Race day !!!!!!!!!!!!!! See You all about 12:30


----------



## BudBartos

Thanks again to the Gate crew !!! And all the racers that came out :thumbsup:

Next race the 29th it is road only and a points race. 3100 runs all the same as on the oval. maybe I'll be there unless I get beamed up :wave:


----------



## DougK

My son had a blast tonight and could not stop talking about the car all the way home. And thanks Micro for your help. Nice to see some old fiends that I have not seen in ages.


Doug K


----------



## TangTester

On the 29th can we run some WGT? I know about 5 have them


----------



## all4fun

TangTester said:


> On the 29th can we run some WGT? I know about 5 have them


I may show up with my WGT which would make 6.


----------



## Easy

Great fun last night. Thanks to all the folks for their hard work and long hours, it is appreciated. Good seeing Doug again, and hope to see him more often.
Don


----------



## sg1

TangTester said:


> On the 29th can we run some WGT? I know about 5 have them


I don't see why not


----------



## Mackin

DougK said:


> My son had a blast tonight and could not stop talking about the car all the way home. And thanks Micro for your help. Nice to see some old fiends that I have not seen in ages.
> 
> 
> Doug K


Good seeing you again Doug. Glad your son had fun. Hope to see back out soon. Hope everybody had a good time last night. I sure did, especially beating Tang in the Main.


----------



## pete_p

*BRP at The Gate.*

I had a great time losing again! See you in two weeks.


----------



## Easy

pete_p said:


> I had a great time losing again! See you in two weeks.


Didn't you "bump up"????


----------



## DougK

Don or anybody, what do I need to convert my Ko Propo Mars to one of these new style receivers? 

Thanks Doug K


----------



## Easy

DougK said:


> Don or anybody, what do I need to convert my Ko Propo Mars to one of these new style receivers?
> 
> Thanks Doug K


What freq. is it on now??


----------



## DougK

27 I saw a mod, and reciver on e bay and was wondering if this is what I need.

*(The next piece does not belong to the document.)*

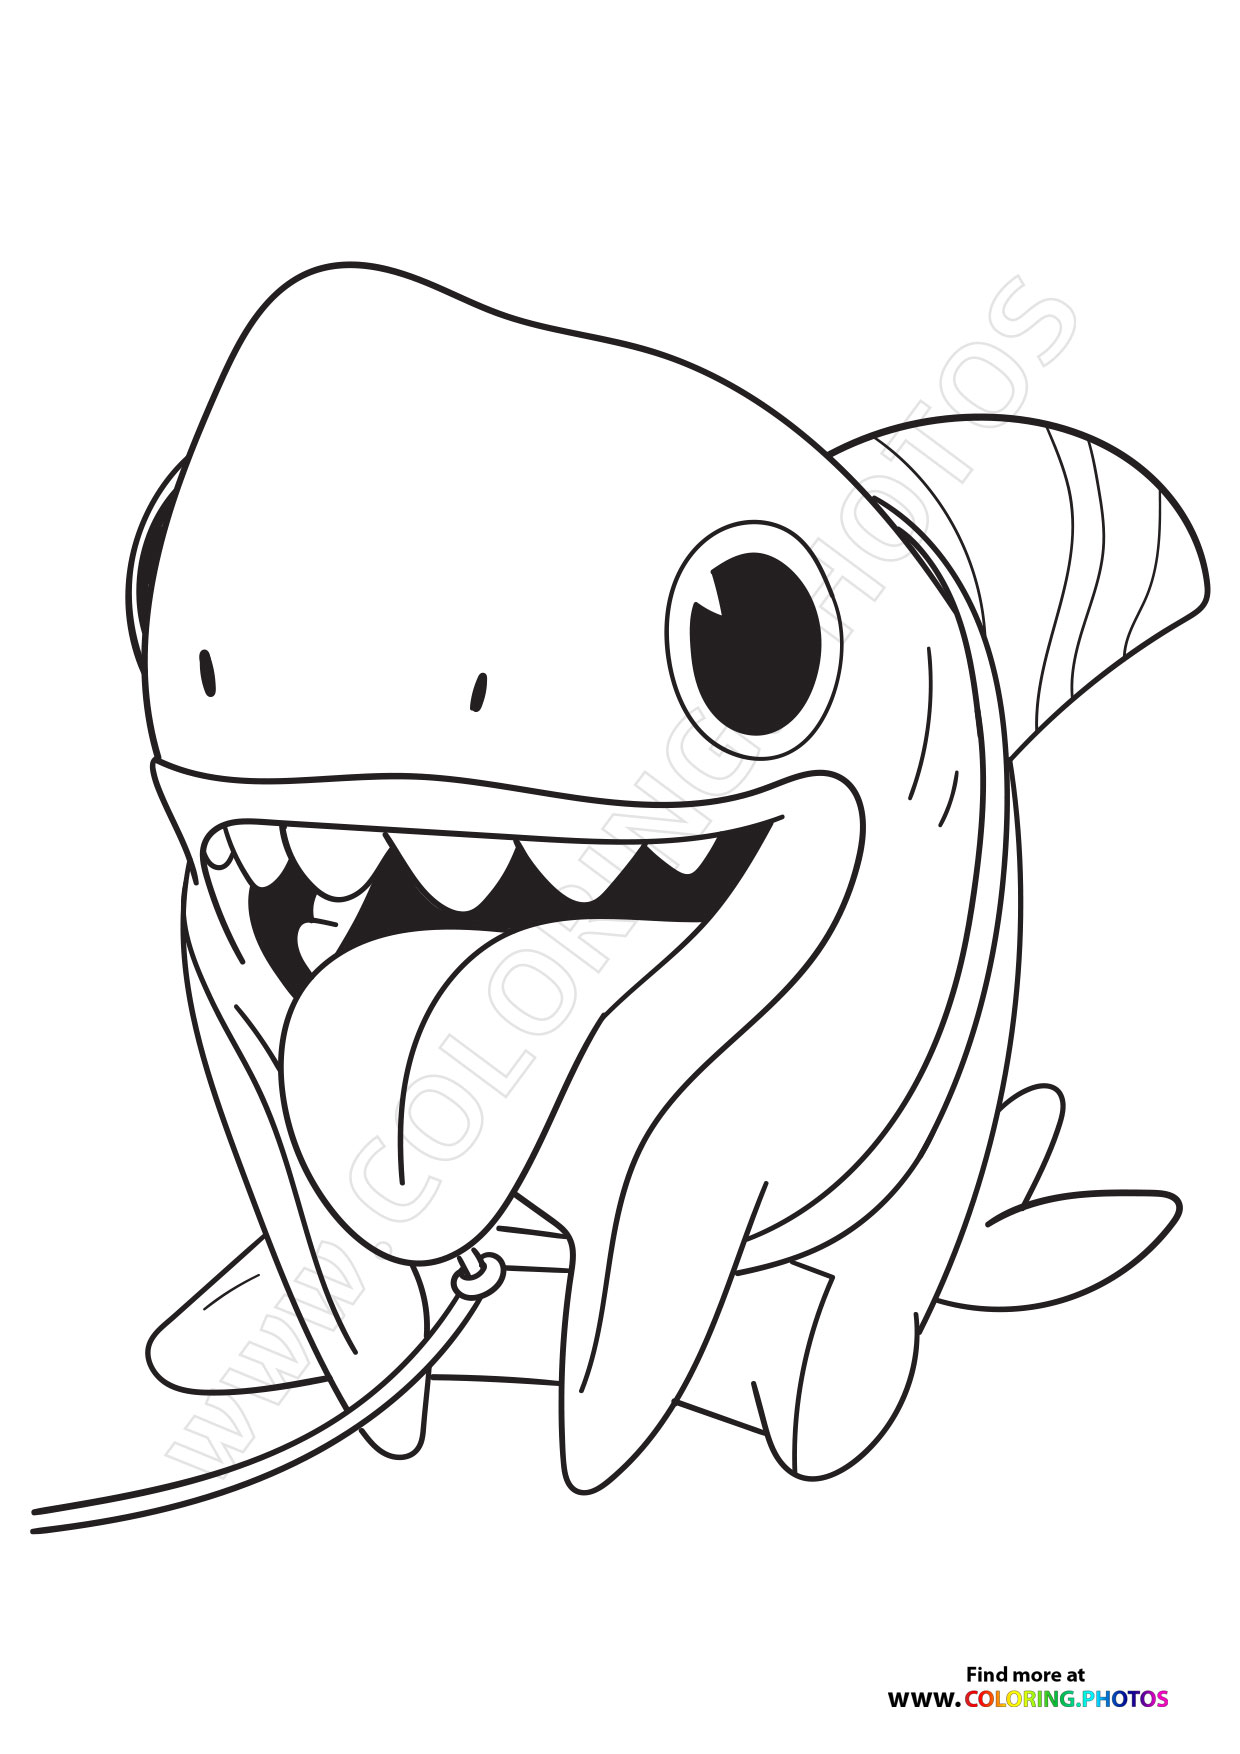 Sharkdog coloring page digital download

http://www.ebay.com/itm/160841935209?ssPageName=STRK:MEWAX:IT&_trksid=p3984.m1423.l2649


----------



## Easy

That looks like what you need. A module and receiver. Check with D. D, he may be able to get one cheaper. You could run it with what you have, just change the receiver out.
Don P.


----------



## Easy

DougK said:


> 27 I saw a mod, and reciver on e bay and was wondering if this is what I need.
> 
> 
> http://www.ebay.com/itm/160841935209?ssPageName=STRK:MEWAX:IT&_trksid=p3984.m1423.l2649



Doug
Are you trying to make your radio compatible with the one in the car you bought? If so, I am not sure if the Spectrum system is compatible with them. Micro might know.
Don P.


----------



## Crusty

DougK said:


> Don or anybody, what do I need to convert my Ko Propo Mars to one of these new style receivers?
> 
> Thanks Doug K


Mine is converted to Spectrum. The module is SM1001. It uses all the common Spectrum surface receivers.


----------



## DougK

Crusty said:


> Mine is converted to Spectrum. The module is SM1001. It uses all the common Spectrum surface receivers.


You got a like to where you got it? 

Thanks Doug


----------



## Crusty

No, I don't. The radio was part of a trade deal and the module was included. I'd think any Spectrum dealer could get you one.


----------



## Easy

DougK said:


> You got a like to where you got it?
> 
> Thanks Doug


Doug
If you are going to use the Spectrum receiver, buy the module and receiver as a set. If you want to use the receiver that came in the car you bought, I am not sure if just the buying transmitter module alone will work. Some of the 2.4 radio transmitter modules will not work with another brand's receiver.
Don


----------



## Micro_Racer

The FlySky and Spectrum are not interchangeable.


----------



## DougK

Okay I think I will just buy the one from Ko.

Thanks Doug K


----------



## Micro_Racer

WOW - we really up'd our game for the second race on the same track! TQ for the first race was 64 laps, with 3 people on that lap. Race two TQ was 67 laps with 2 people achieving that..... 4 people did 65 or better.... 2 people were at 64....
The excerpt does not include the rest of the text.